One freed prisoner was Francisco James, who in 1995 was condemned to death for killing a man who was brawling with his younger brother. Immured for 20 years in Zomba prison, built to hold 800 inmates but stuffed with 2,000, he wondered whether disease would carry out the sentence that the hangman would not. He had “given up on ever getting out of prison alive,” he says. The judges decided that the murder charge was inappropriate, in part because the victim was in poor health, and freed Mr James in October 2015.
He returned to Mkwinya village in central Malawi to find that his father and brother had died, his wife had remarried and his daughter was a mother. The village chief gave Mr James a plot of land, where he grows maize, soya beans and groundnuts. By Malawian standards he is prosperous, with a motorcycle, an oxcart and two houses roofed with iron sheeting. He has fathered three more children. In April this year Malawi’s top court ruled the death penalty itself unconstitutional.
Its model is being watched in Kenya, where far more prisoners—some 4,800—may be entitled to resentencing under a Supreme Court finding in 2017 that the mandatory death penalty is unconstitutional. (In practice Kenya stopped carrying out executions in 1987.) Most of the condemned prisoners were in for “robbery with violence”. In 2019 a government-appointed task force recommended investigations like those undertaken in Malawi. To speed things up it proposed negotiations on new sentences between prosecutors and lawyers akin to plea bargains.
It is unclear how many have so far been resentenced. On July 6th this year the process hit a snag. The Supreme Court said that the mandatory-death-penalty ruling applied only to murderers, not to the majority convicted of lesser crimes. It is now uncertain if and when condemned Kenyan robbers will follow Malawians’ path to freedom, says Virginia Nelder, a member of the task force.
When liberated lifers are reformed muggers or small-time drug dealers, few will object. “History is moving towards less incarceration,” concedes Mr Lampert. Setting free those who have committed the worst crimes is harder to justify.
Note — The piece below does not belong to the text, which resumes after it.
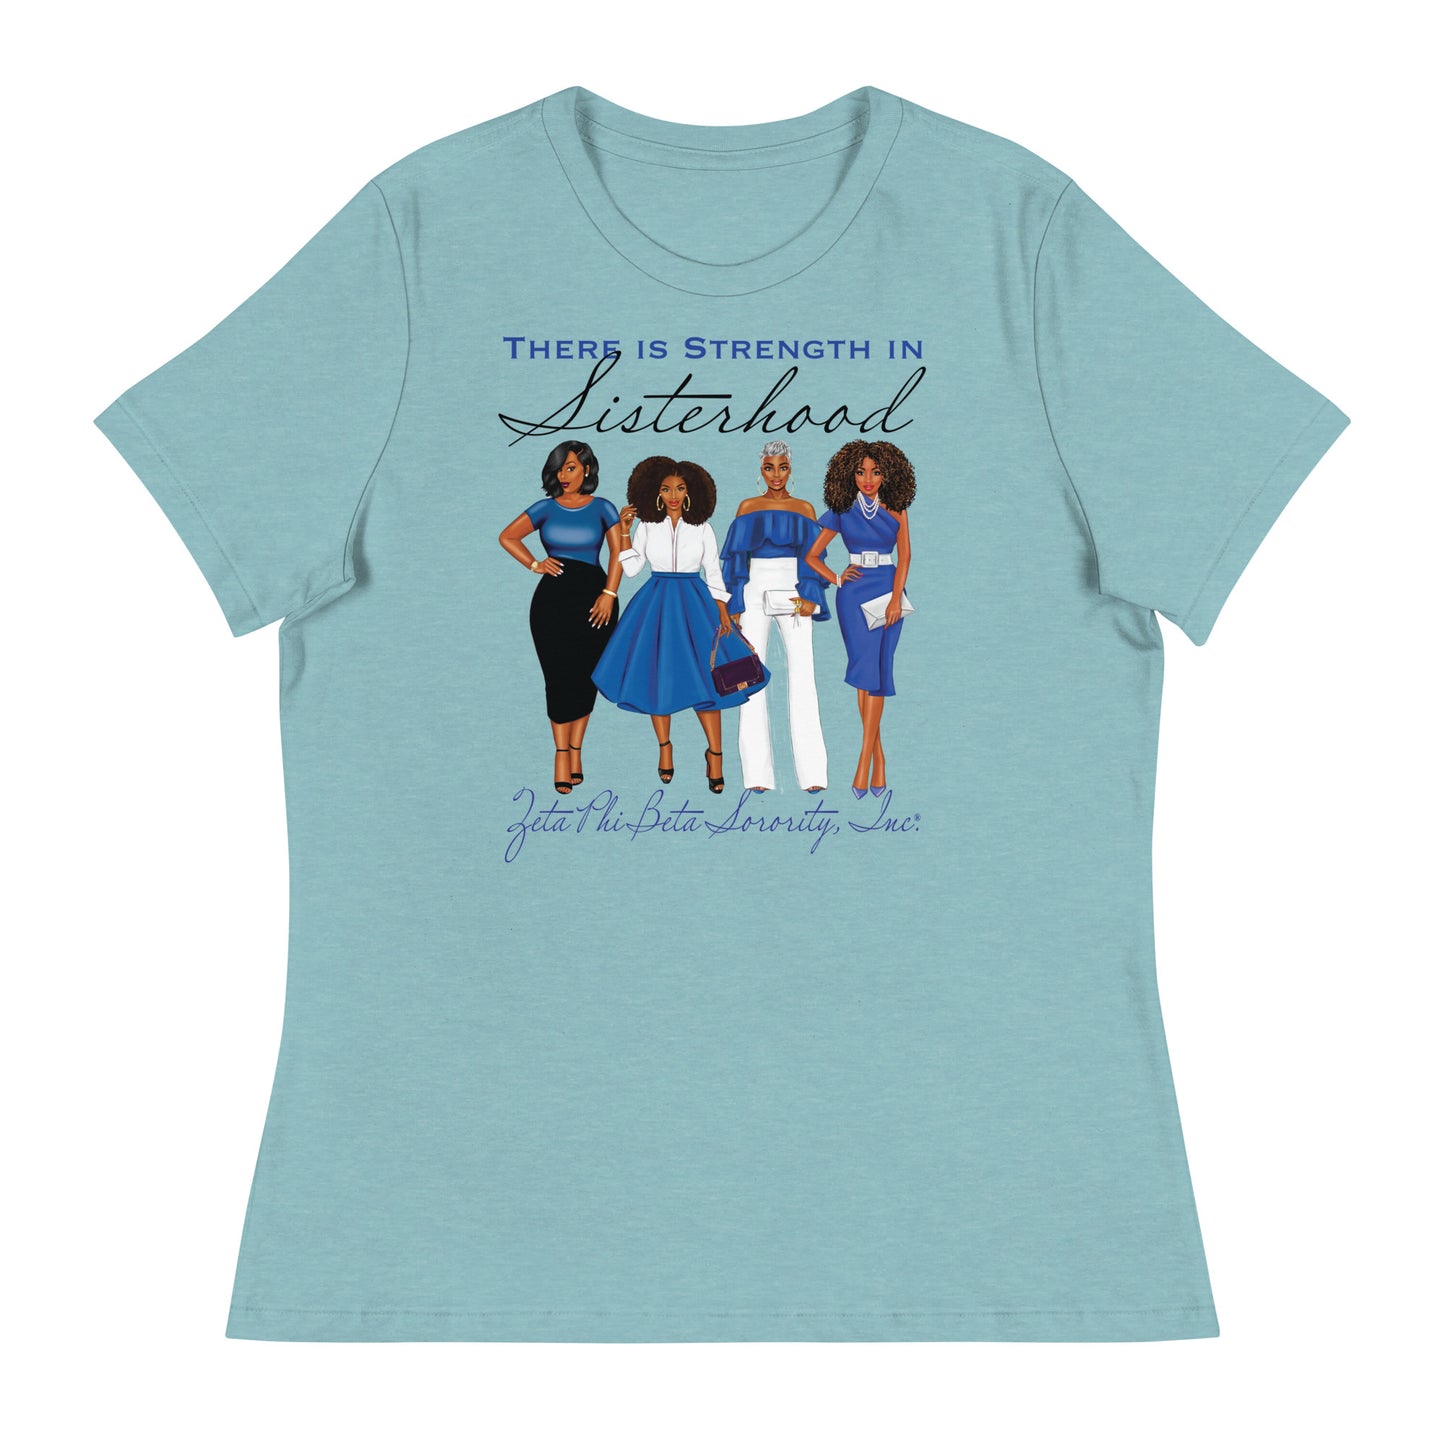 Zeta Phi Beta Strength in Sisterhood T-Shirt

Kenya’s reforming task force recommended keeping life sentences without parole for them.
After his daughter Tijana was murdered Igor Juric attended trials of other abusers and came to the conclusion that “we, as a society, have to do something to remove killers from our social circles, and keep them far away from children.” “Protection of our children” matters more than “conventions and laws of countries that I don't even live in”, he continues.
That view is understandable. But anyone who meets Mr Clemons will find it hard to fear all ageing lifers or fail to consider their humanity. He reckons he can succeed as a baker “in the free world”. At 62, he says, “I’m gonna work my way up.”